Intel (ifx and ifort) for debugging:#

ifort -fpp -fpe0 -O0 -check -check nooutput_conversion -traceback -g

Option meaning
-O0 Disables all optimizations.
-check All available runtime checks (e.g. array bounds) are switched on.
-check nooutput_conversion No checking for the fit of data items within a designated format descriptor field. If this option isn't set, compilation aborts with errors.
-traceback Tells the compiler to generate extra information in the object file to provide source file traceback information when a severe error occurs at run time.
-g Tells the compiler to generate full debugging information in the object file.

Cray (version 8.5.6):#

ftn -eZ -K trap=fp -em -O3 -hnoomp -hnoacc -hfp3 -hdynamic -dynamic

Option meaning
-eZ Perform source preprocessing and compilation on Fortran source files.
-K trap=fp Enable traps on divz, inv, or ovf exceptions.
-em When this option is enabled, the compiler creates .mod files to hold module information for future compiles.
-O3 Switch on most aggressive optimization level.
-hnoomp Disable compiler recognition of OpenMP directives.
-hnoacc Disables the compiler recognition of OpenACC accelerator directives.
-hfp3 Controls the level of floating point optimizations. (highest level would be -hfp4)
-hdynamic -dynamik Directs the compiler driver to link dynamic libraries at runtime.

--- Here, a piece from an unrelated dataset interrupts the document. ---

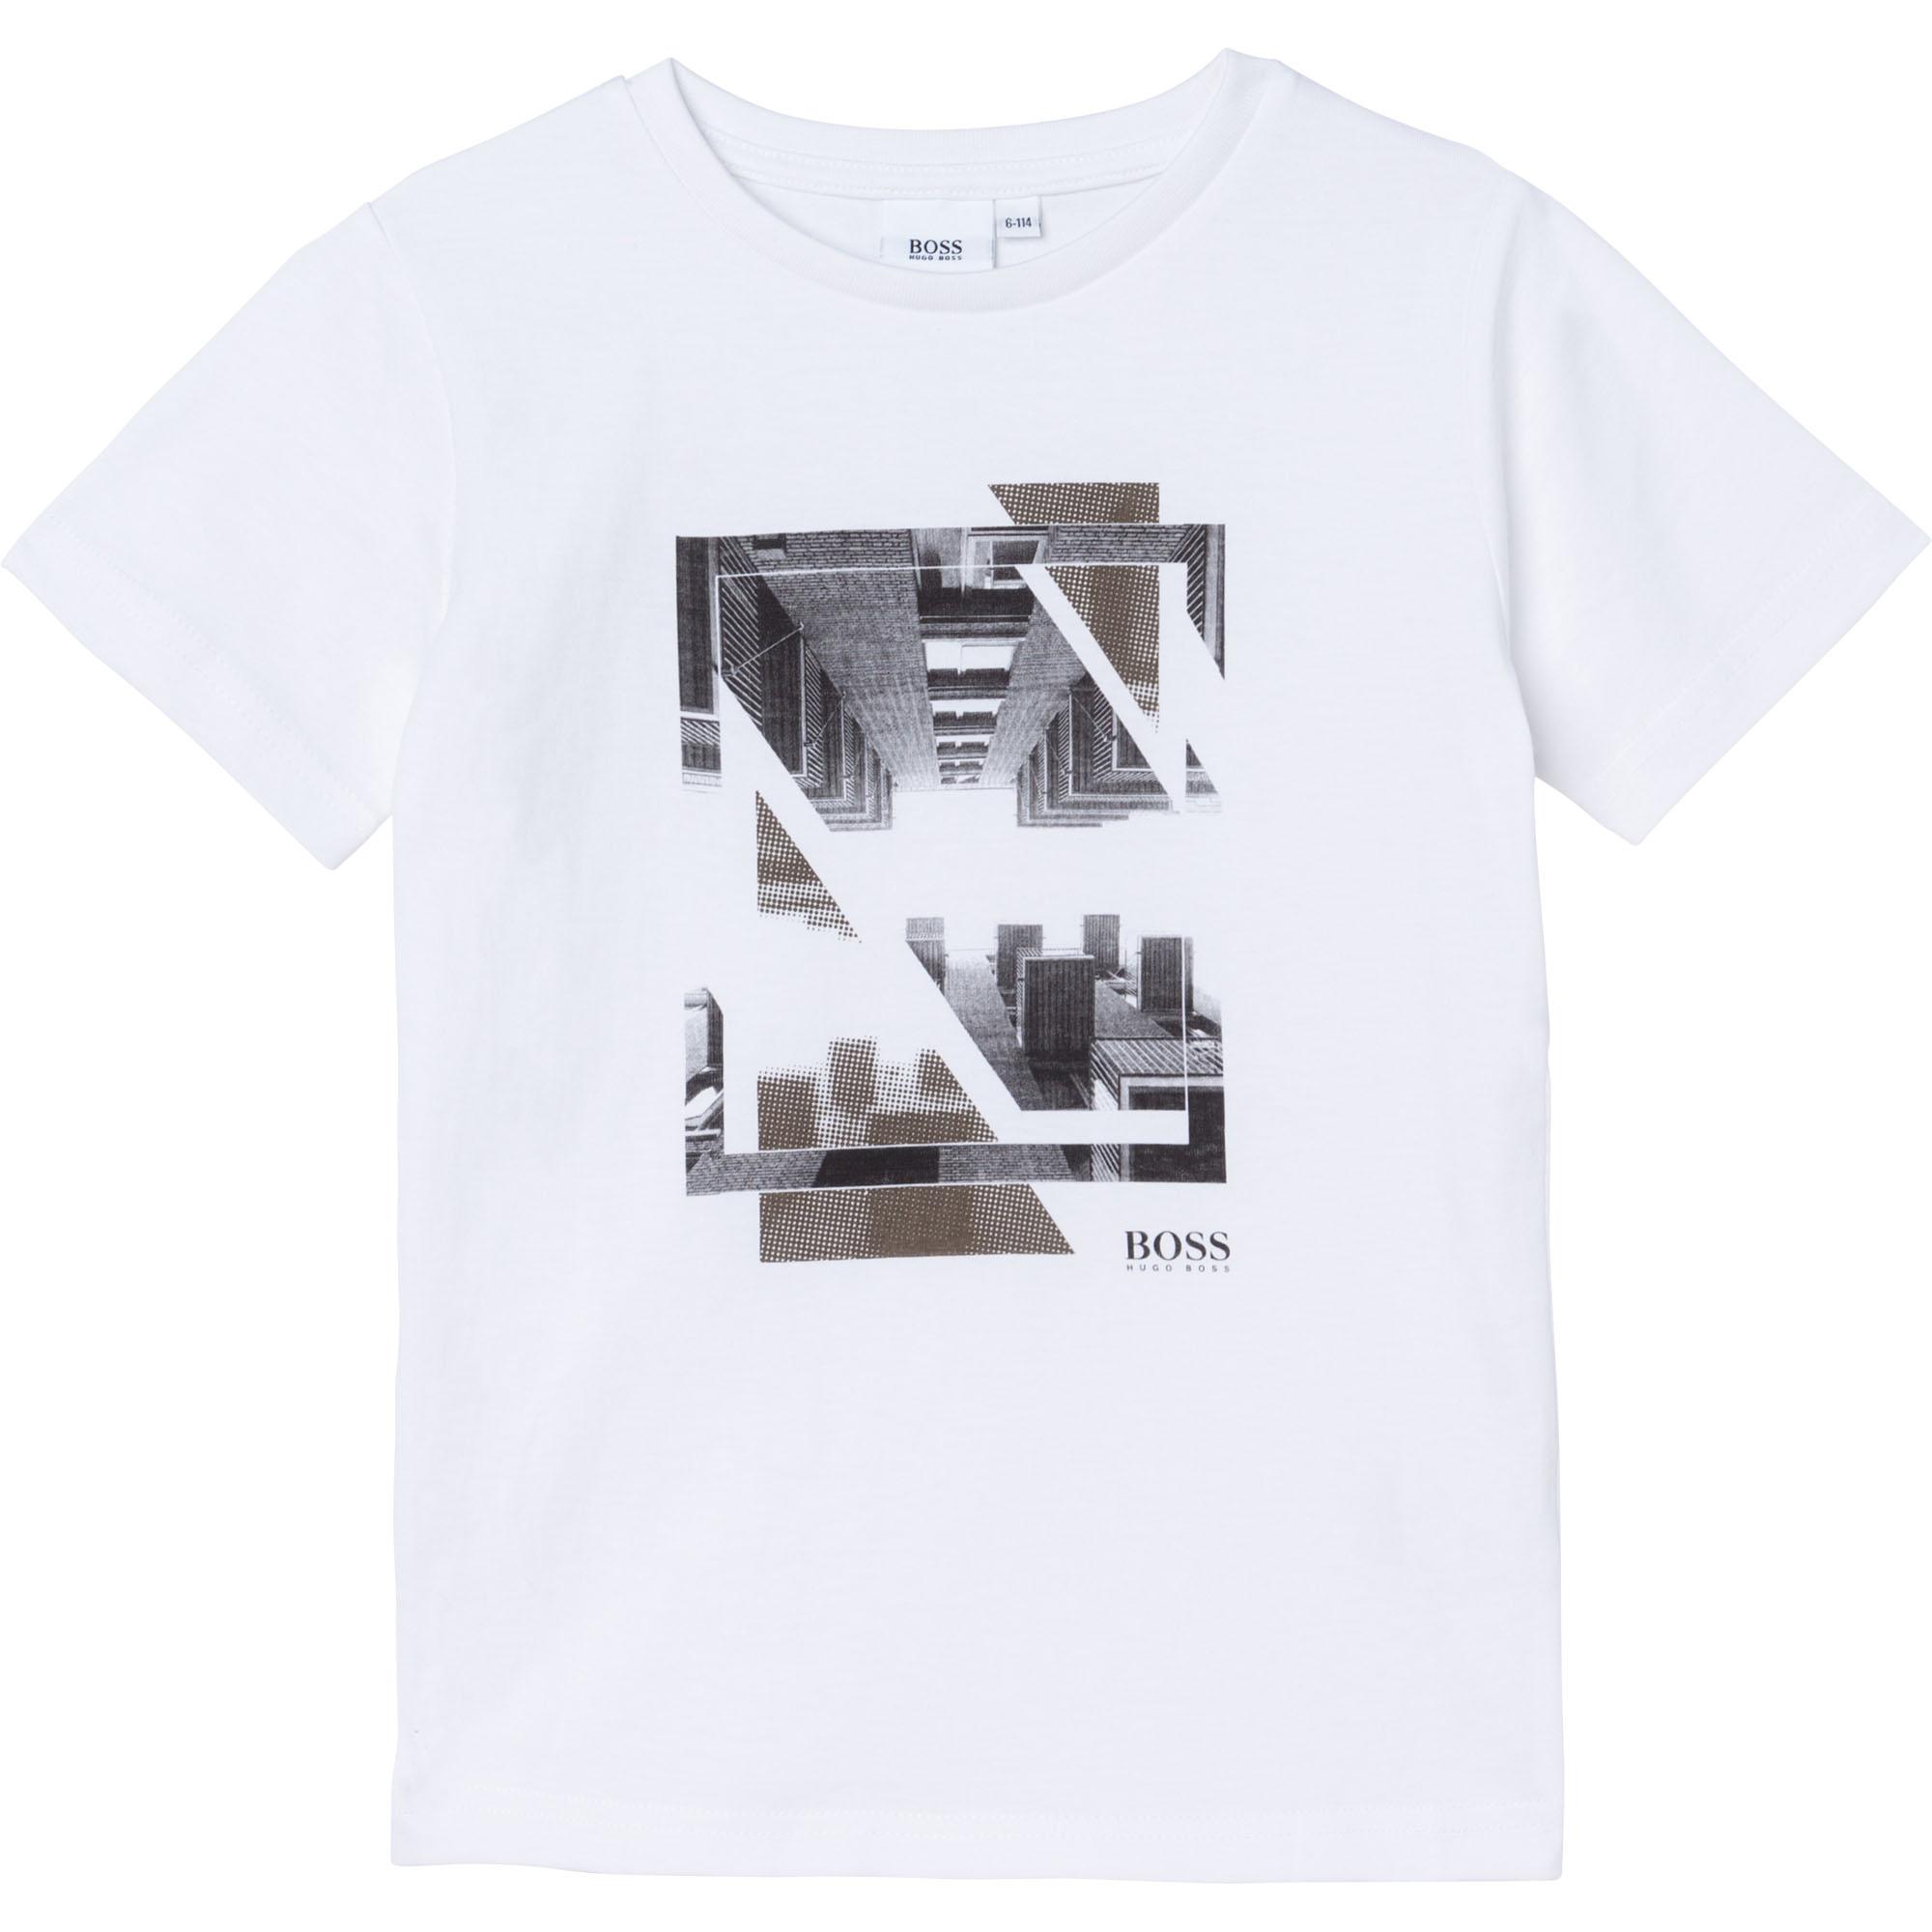 Short-sleeved T-shirt BOSS for BOY

Cray (version 8.5.6) for debugging:#

ftn -eZ -K trap=fp -eD -ei -em -O0 -hnoomp -hnoacc -hdynamic -dynamic

Option meaning
-K trap=fp Enable traps on divz, inv, or ovf exceptions.
-eD Enables all debugging options.
-ei Initializes all undefined local stack, static, and heap variables of type REAL or COMPLEX to an invalid value (signaling NaN).
-O0 Disables all optimizations including floating point optimizations and OpenACC acceleration.

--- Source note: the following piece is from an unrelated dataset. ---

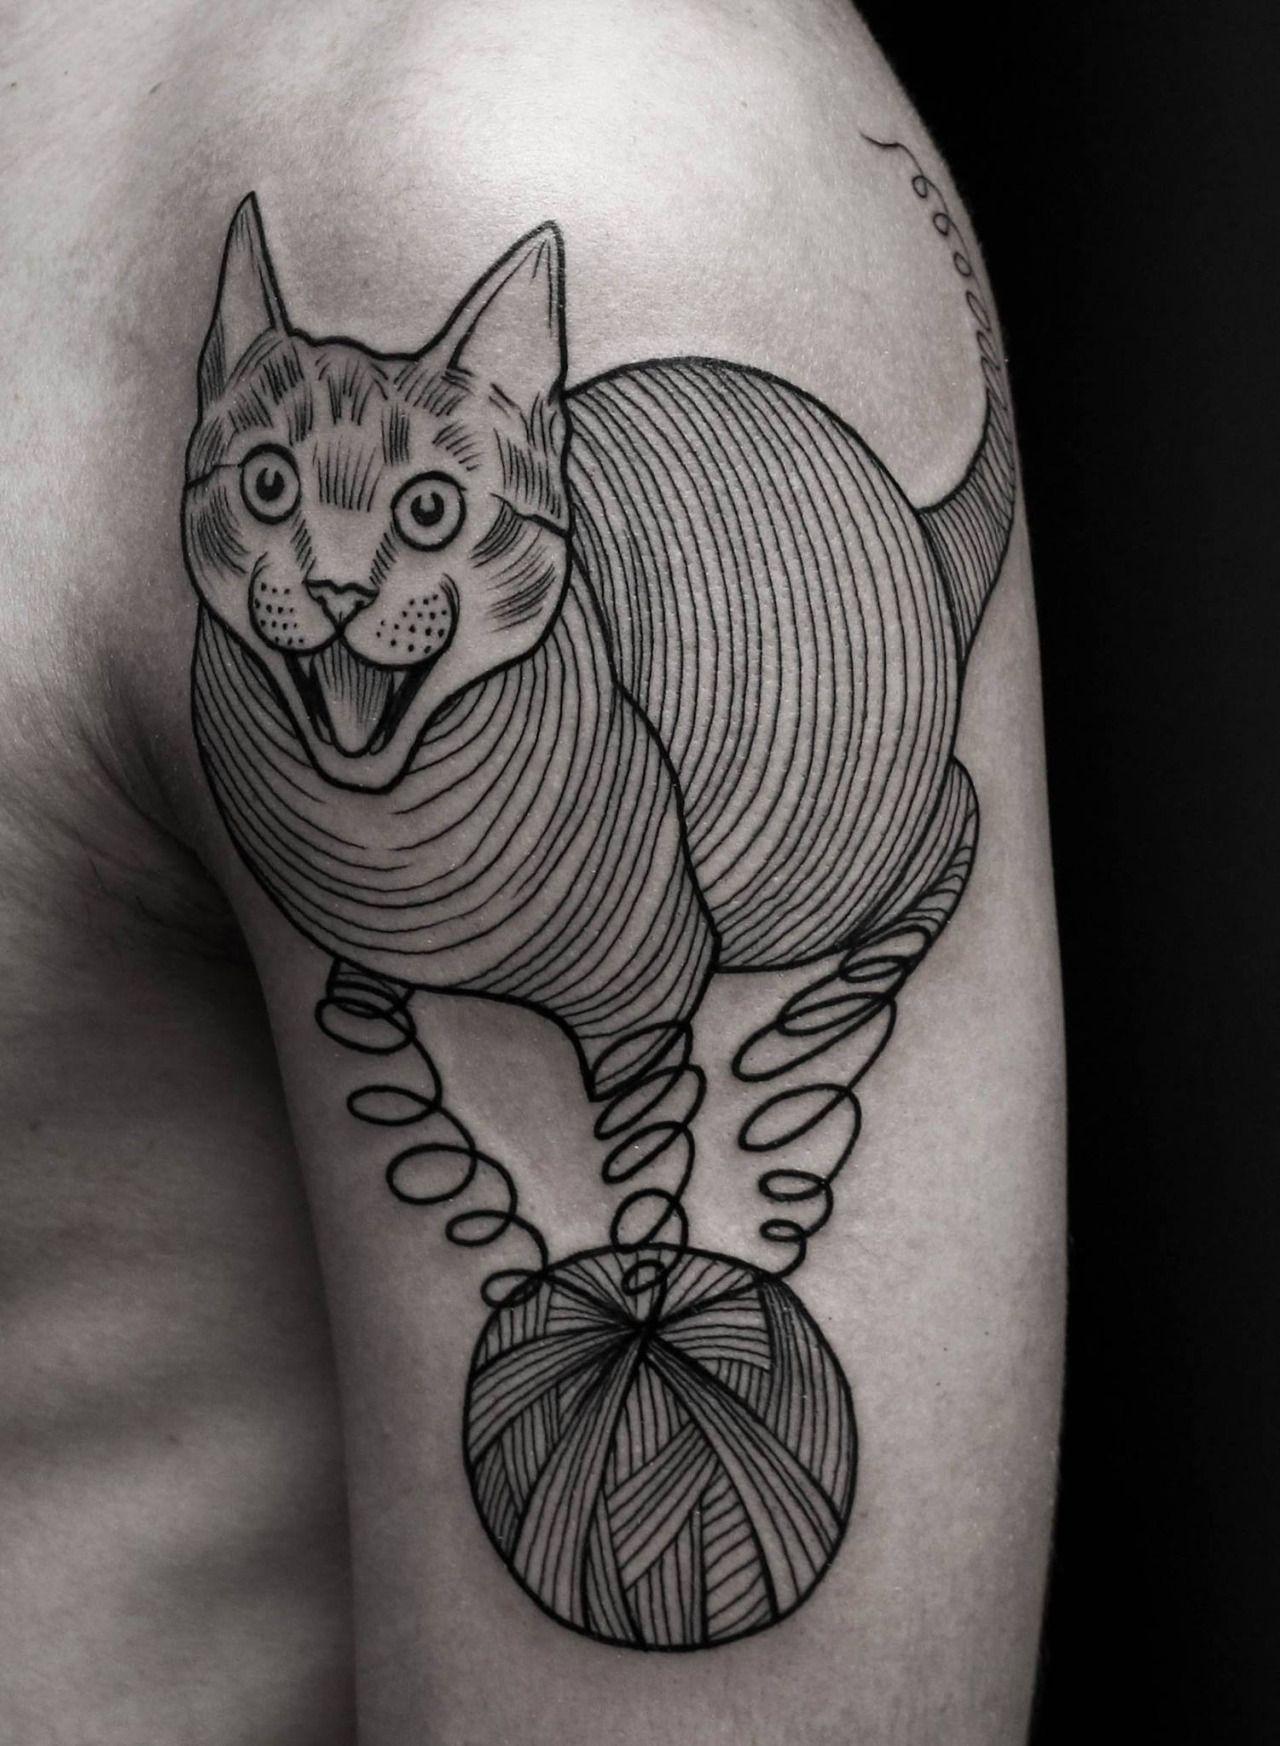 Skin deep tales roman broslavskiy cat tattoos pinterest

Important on Cray-systems: Getting tracebacks requires setting of export ATP_ENABLED=1 before execution of PALM. Use an input command in the configuration file for that: IC:export ATP_ENABLED=1

NVidia#

Options are for compiling and running on NVidia GPU's using openacc-directives.

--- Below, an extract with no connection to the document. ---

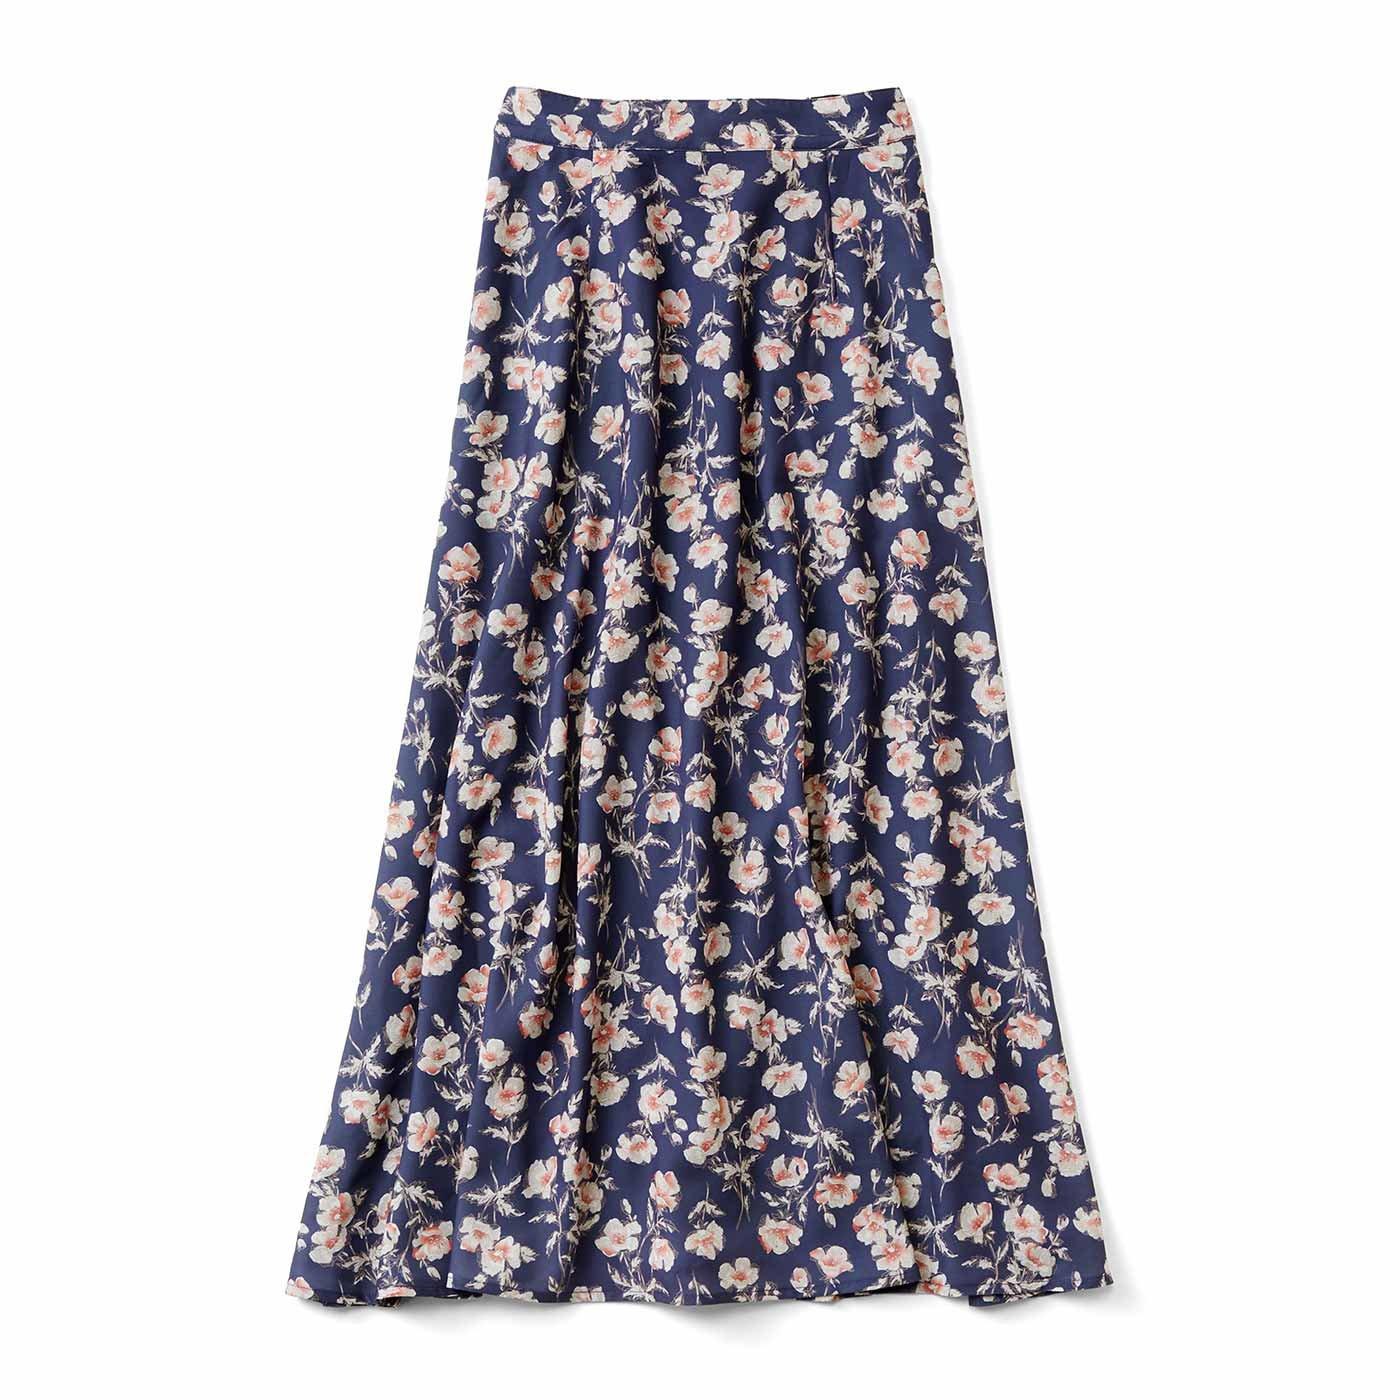 IEDIT[イディット] すらりと細見え ヴィンテージ風フラワープリントスカート〈ネイビー〉

nvfortran -cpp -O3 -acc=verystrict -cuda -gpu=cc80 -Minfo=accel

Option meaning
-cpp Runs the Fortran preprocessor on source files before compilation.
-O3 All -O1 and -O2 optimizations are performed. In addition, this level enables more aggressive code hoisting and scalar replacement optimizations that may or may not be profitable.
-acc=
verystrict
Enable OpenACC pragmas and directives to explicitly parallelize regions of code for execution by accelerator devices. Abort compilation with a fatal error when an accelerator directive is encountered which does not adhere to the OpenACC standard.
-cuda Enable CUDA Fortran; add CUDA include paths, and link with the CUDA runtime libraries. -cuda is required on the link line. If -cuda is used in compilation, it must also be used for linking.
-gpu=
cc80
Generate code for a device with compute capability 80. Multiple compute capabilities can be specified, and one version will be generated for each. By default, the compiler will detect the compute capability for each installed GPU.
-Minfo=
accel
Emit information about accelerator region targeting.